The Kennedy Men_ 1901-1963 - Laurence Leamer [473]
“What happens if Conein asks to see the bodies and discovers there were a couple of bullets in the back of the … in the back, of this kind?” said Bundy. “We don’t gain much by that.” The former Harvard dean could hardly get a straight sentence out of his cultured mouth.
“I don’t think we gain anything by it,” McCone said, trying to push the men away from this deadly scene.
“It would look like a planned design to remain uninformed under the circumstances,” Rusk said, not optimistic about the administration’s chances of pleading ignorance.
“I think we’re going to hear about it in the next twenty-four hours,” Kennedy said. Although the president apparently knew less about what had happened than several of his advisers, he realized that the press was onto the story. He had his own curiosity about the details of the murders.
“If Big Minh ordered the execution, then, then, uh, I don’t know,” Kennedy mused. “Do we know that? Do we think he meant to?”
“Some suspect that,” said Hilsman.
“Some think he did,” said Bundy.
“He’s stupid then,” said Kennedy, half under his breath. No one would be able definitely to link the president to the assassination attempts against Castro, and there would always be uncertainty concerning exactly what he knew.
“I don’t think we should be informed in advance of everyone else on this so that the story gets to be our story,” Rusk said, seeking to push the deed further away from the door of the White House.

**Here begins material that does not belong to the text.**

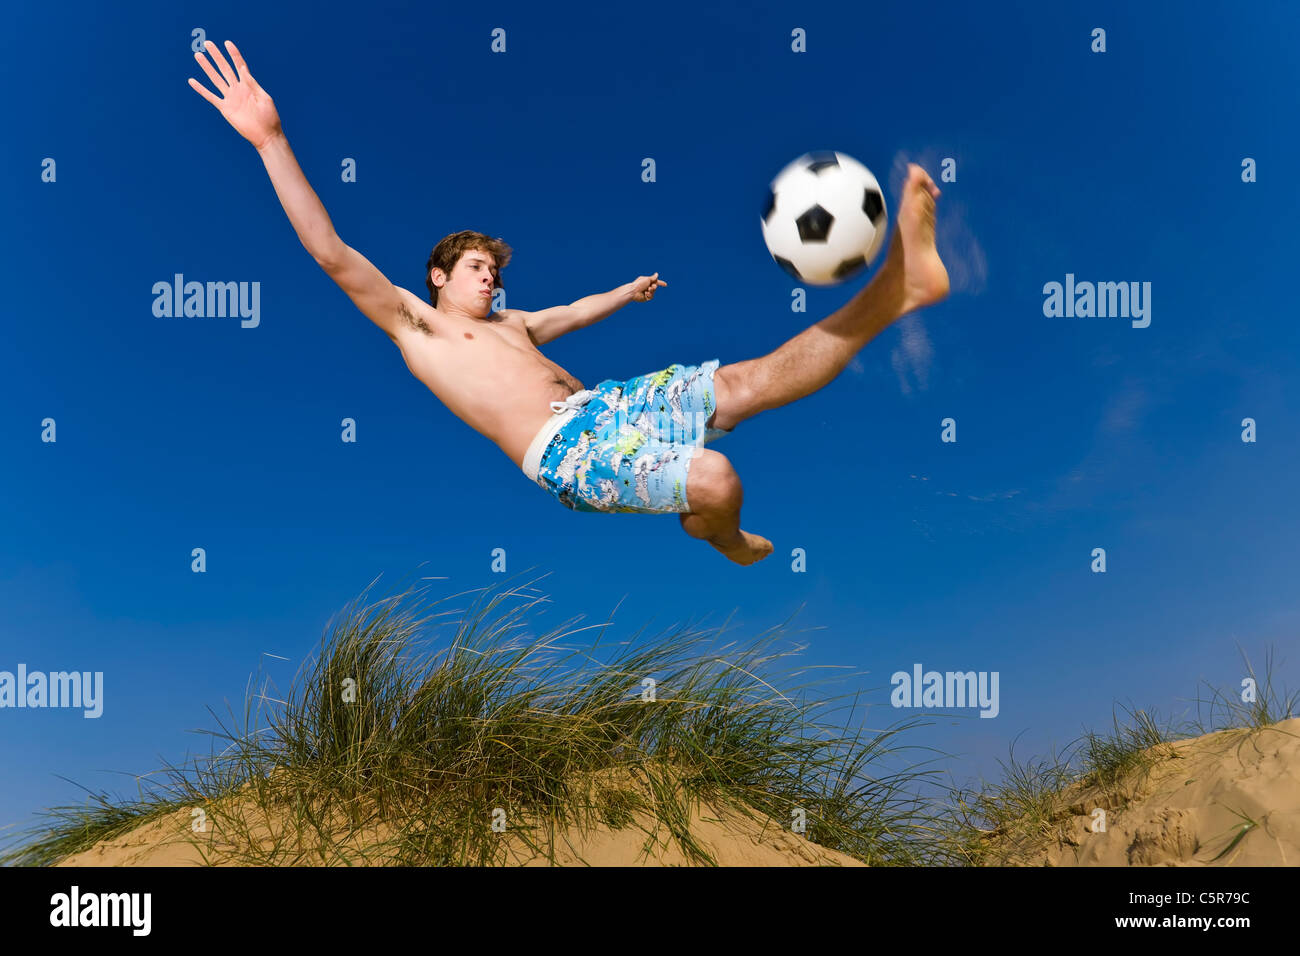 Un joueur de football de plage se connecte à l'overhead kick. Banque D'Images

“I don’t know why they did that,” Kennedy said quietly, once again returning to the act.
Hilsman was a man who always had a ready answer. “Well, some of the reports show that the only time Minh got emotional was when Diem slammed the phone [down] on him.” It was a curious justification for murder, and the silence in the room signaled Hilsman to move on to a different subject.
“Sir,” Hilsman said, “this morning … this morning there was a discussion of a cable to go out tonight, getting on with the war.” The Americans had a war to fight, and they could not indulge in this speculation any longer.

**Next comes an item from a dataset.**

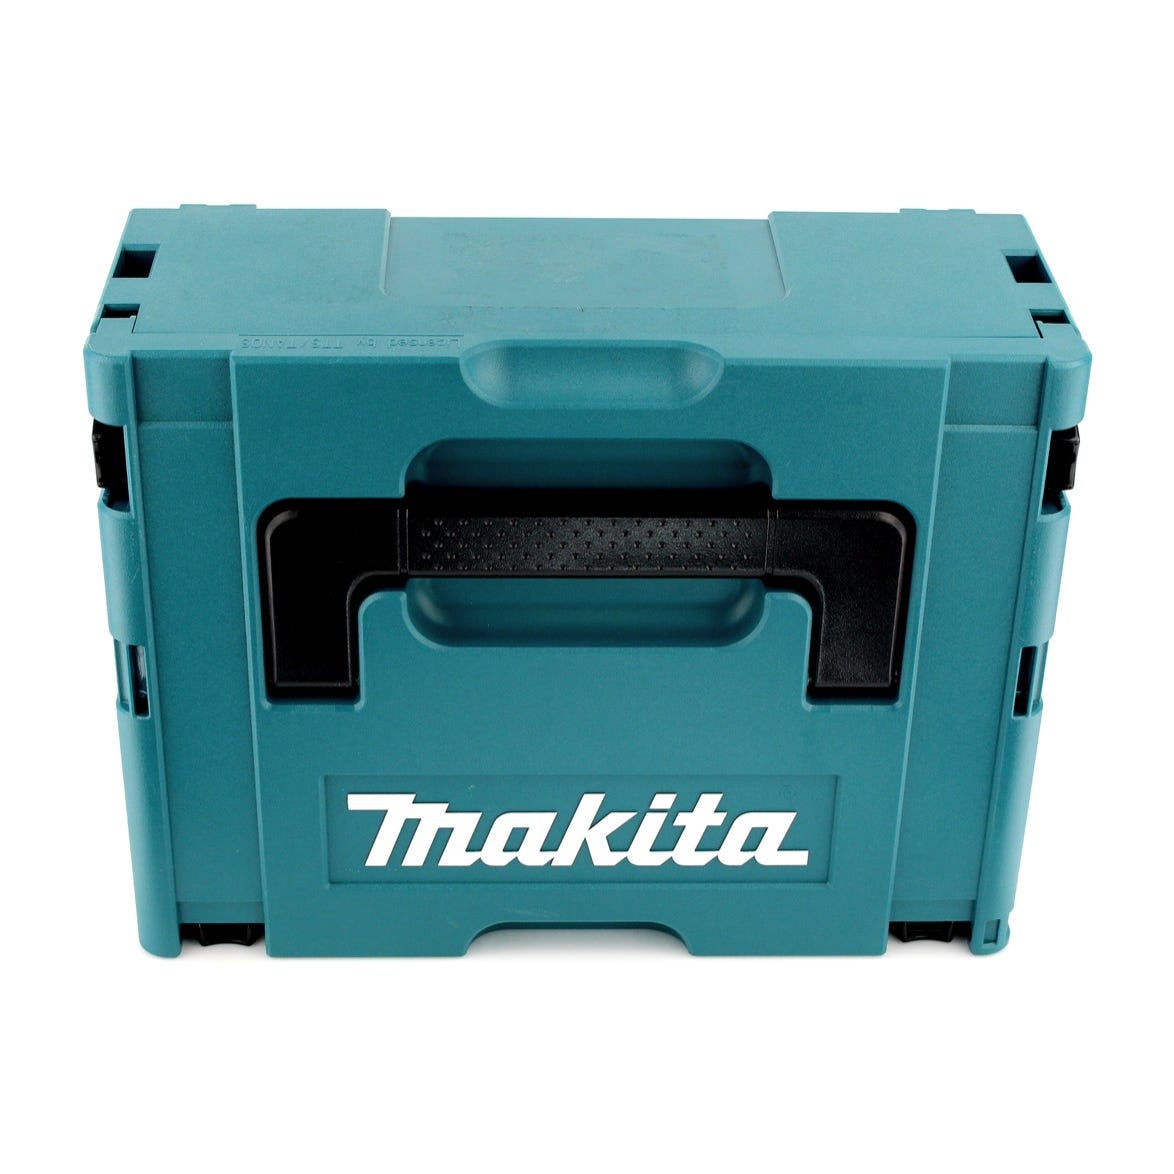 Makita DTD 155 RM1J Visseuse à percussion sans fil 18 V Brushless + Coffret de transport MAKPAC + 1x Batterie BL1840 4,0 Ah + Chargeur DC 18 RC 2

Two days later Kennedy sat in the Oval Office. “One two three four five,” he said into a Dictaphone. “Monday, November 4, 1963. Over the weekend the coup in Saigon took place.”
For a man who stood at the epicenter of power, the president was extraordinarily dispassionate, not only in the decisions he made but equally in how he viewed them afterward. In this private moment he did not attempt to polish his image. He was his own best historian, treating himself as but another player in the complex tragicomedy of life.
Kennedy went through the major players one by one, accurately outlining where each man had stood on the coup. At times great events were determined not by principles or ideologies but by nothing greater than personal pique. In Kennedy’s assessment, McCone had opposed the coup “partly because of an old hostility to Lodge, which causes him to lack confidence in Lodge’s judgment, partly as a result of a new hostility because Lodge shifted his station chief.”
If Kennedy ever wrote this history, he would have first filled his pen with irony. He saw his own culpability not in any strong, willful action he had taken but in nothing more dramatic than the sloppy drafting of a cable at the outset. “I feel that we must bear a good deal of responsibility for it, beginning with our cable of early August in which we suggested the coup…. That wire was badly drafted. It should never have been sent on a Saturday. I should not have given my consent…. While we did redress that balance in later wires, that first wire encouraged Lodge along a course to which he was in any case inclined.”